As noted the concern of “holding out' which is addressed is especially relevant.” The partners can be liable for non-partner actions as they would be responsible for actions in the conduct. In the last event, another business for selling flowers specifically for weddings started by Rebecca will not come within the preview of partnership as she started this business as a separate entity from the ‘Fusion Flowers'. The fact that Rebecca and Joel have previously discussed the prospects of supplying flowers for weddings does not change a thing and she will be the sole owner of that business company.

Question Three

FACTS OF CASE:

Dani and Steve are trying to start a hairstyling salon together in Sydney's internal suburb. They have established and guaranteed an ideal site, pending approval by the council of the construction and growth plans. After a thorough check, they have already chosen on a general and fitting contractor to finish the job. The contractor had sent over the normal employment contract

ISSUE 

The attorneys have recognized 3 conditions of the agreement should be reviewed based on its terms

Types of terms in a contract are :

1) Warranty

2) Condition

3) Innominate

APPLICATION

  1. Essentially, a condition is the foundation of an agreement. It sets out the commitments for each party. The easiest way to think about the situation in contract law The contractor will hire a decorative advisor to finish the official interior demonstration of the estate utilizing entertainment devices for use by customers during operation of the service. It is a phrase in an agreement that is more like a pledge by one partner than a situation decided by both sides. The main distinction here is that the party fails to comply with the guarantee, the injured party may claim damages, and however, the inability does not give rise to the termination of the agreement. if the opposite party believes the guarantee by a party to be sufficiently essential, it can be categorized as a condition. However, in general terms, it is only a declaration of facts.

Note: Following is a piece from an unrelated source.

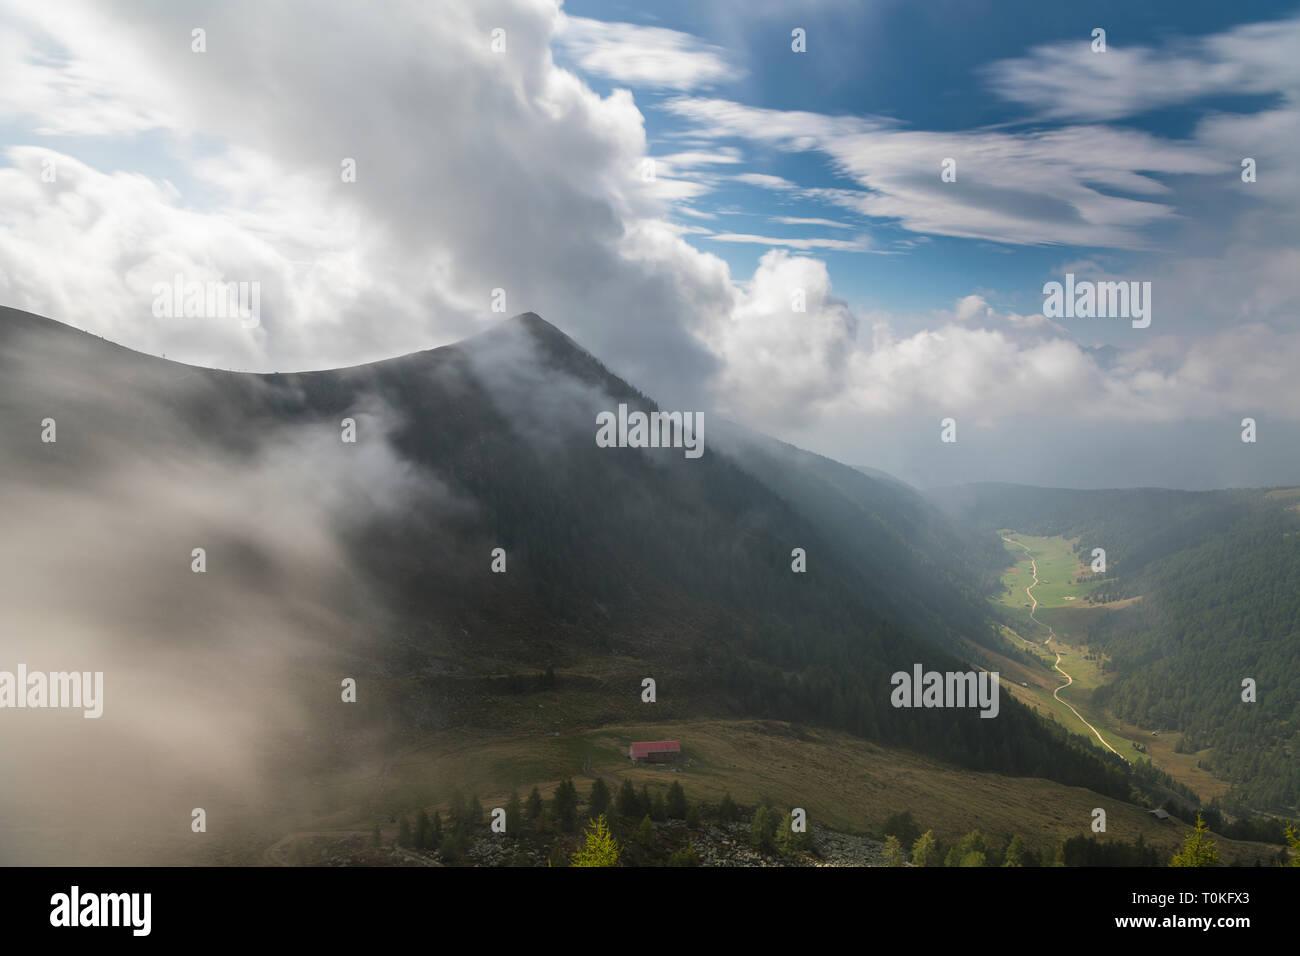 Hike to Seefeldspitze, Valser Tal, Pfunderer Berge, South Tyrol, Italy Stock Photo

  2. “The parties agree that time is to be of the essence in respect of all aspects of the construction and payments schedule of this agreement.” These are essential Expressed terms of the contract if the contractor fails to fulfill that requirement, he may be held liable in violation of the agreement. The aggrieved party can view this inability of a vendor to fulfill its commitments as "repudiatory," implying plaintiff has two alternatives: to suspend the agreement  and to withdraw of any commitments that the client may owe; or to handle the deal as ongoing It is essential to remember that in either situation the aggrieved party to sue for the infringement.

  3. it is acknowledged by the client that the contractor cannot be held responsible in the incident of an infringement caused as a result of the contracting company, its workers or subcontractors, along with actions that would otherwise comprise carelessness, except where stated in the law. It is an innominate concept that cannot be characterized as either a condition or a guarantee in agreement. a party seeks legal backing for the failure of another group to satisfy the responsibilities of an unnamed term, it the determination of the remedy will be in the hands of the court. It seeks for excluding one party from its obligations or to restrict the individual's responsibility to particular conditions, or situations. It may be signed an agreement to eliminate or limit one's liability for violation of contract or neglect.“Prevents them from liability should be integrated into the agreement must be clearly stated ̈ It may be integrated by signature, notice or course of business.”